John Edensor Littlewood
 

I read in the proof-sheets of Hardy on Ramanujan: 'As someone said, each of the positive integers was one of his personal friends.' My reaction was, 'I wonder who said that; I wish I had.' In the next proof-sheets I read (what now stands): 'It was Littlewood who said...' (What had happened was that Hardy had received the remark in silence and with a poker face, and I wrote it off as a dud....)

 
John Edensor Littlewood
 

The number of syllables in the English names of finite integers tends to increase as the integers grow larger, and must gradually increase indefinitely, since only a finite number of names can be made with a given finite number of syllables.

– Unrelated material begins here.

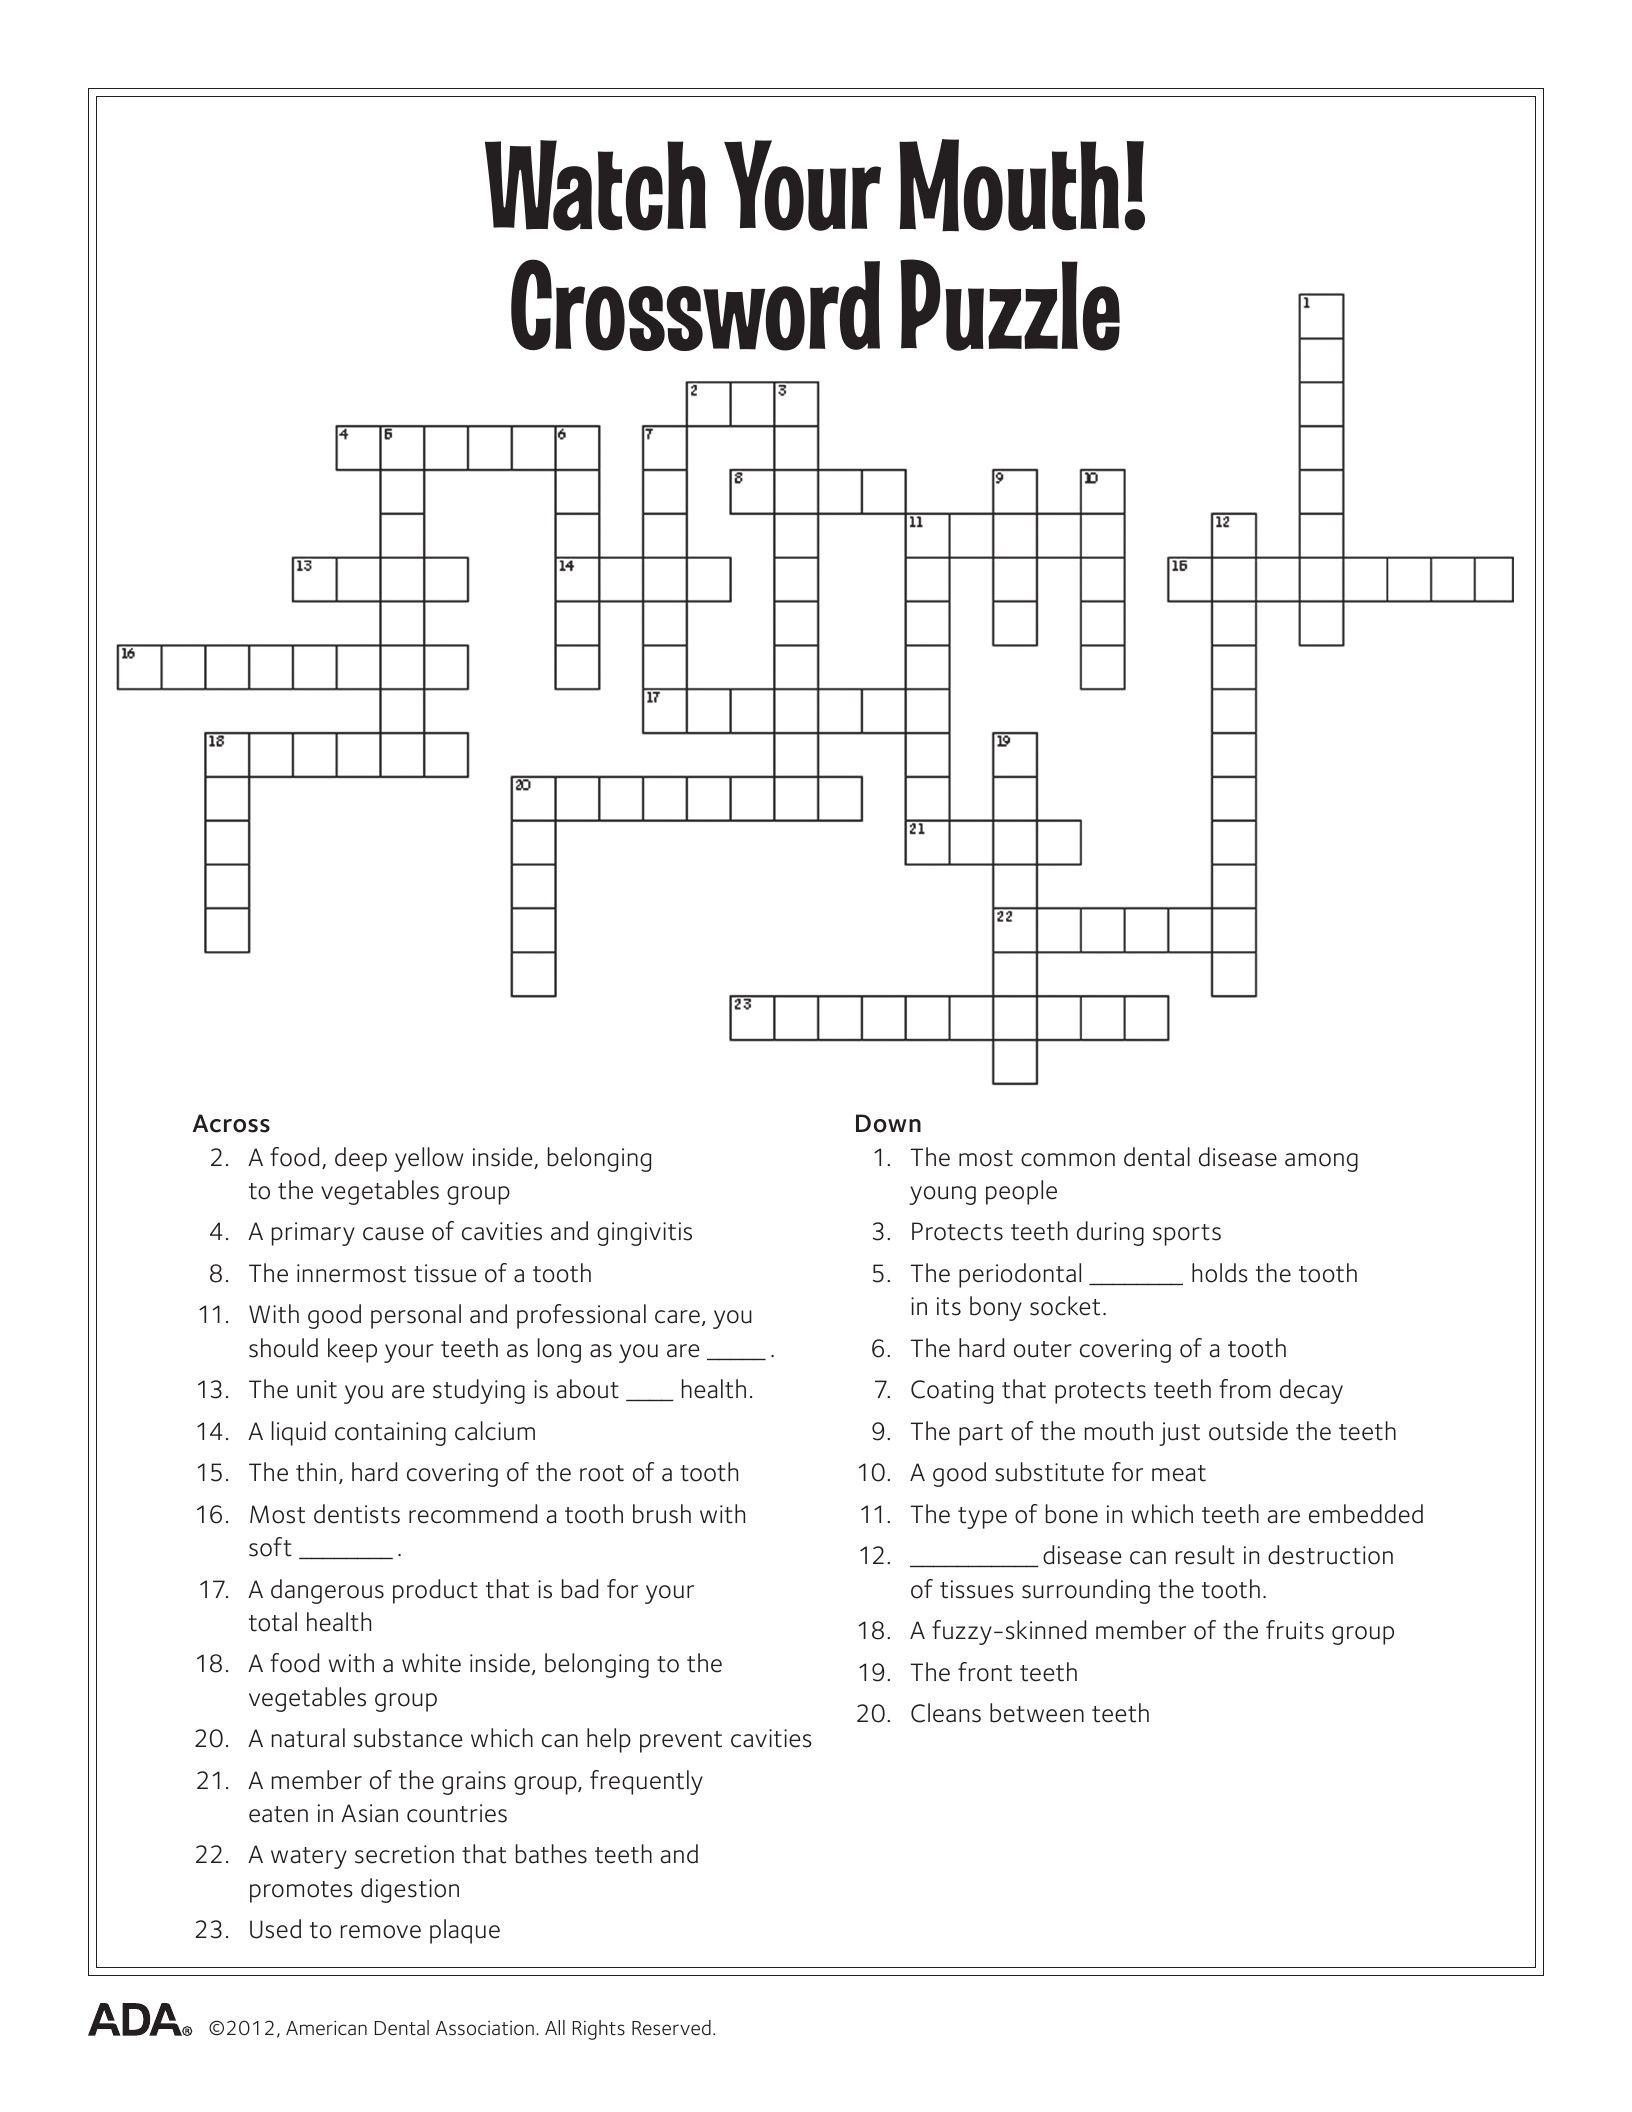 11 Dental Health Activities Puzzle Fun (Printable) | Dental Hygiene - Printable Health Crossword Puzzles

Hence the names of some integers must consist of at least nineteen syllables, and among these there must be a least. Hence "the least integer not nameable in fewer than nineteen syllables" must denote a definite integer; in fact, it denotes 111, 777. But "the least integer not nameable in fewer than nineteen syllables" is itself a name consisting of eighteen syllables; hence the least integer not nameable in fewer than nineteen syllables can be named in eighteen syllables, which is a contradiction. This contradiction was suggested to us by Mr. G. G. Berry of the Bodleian Library.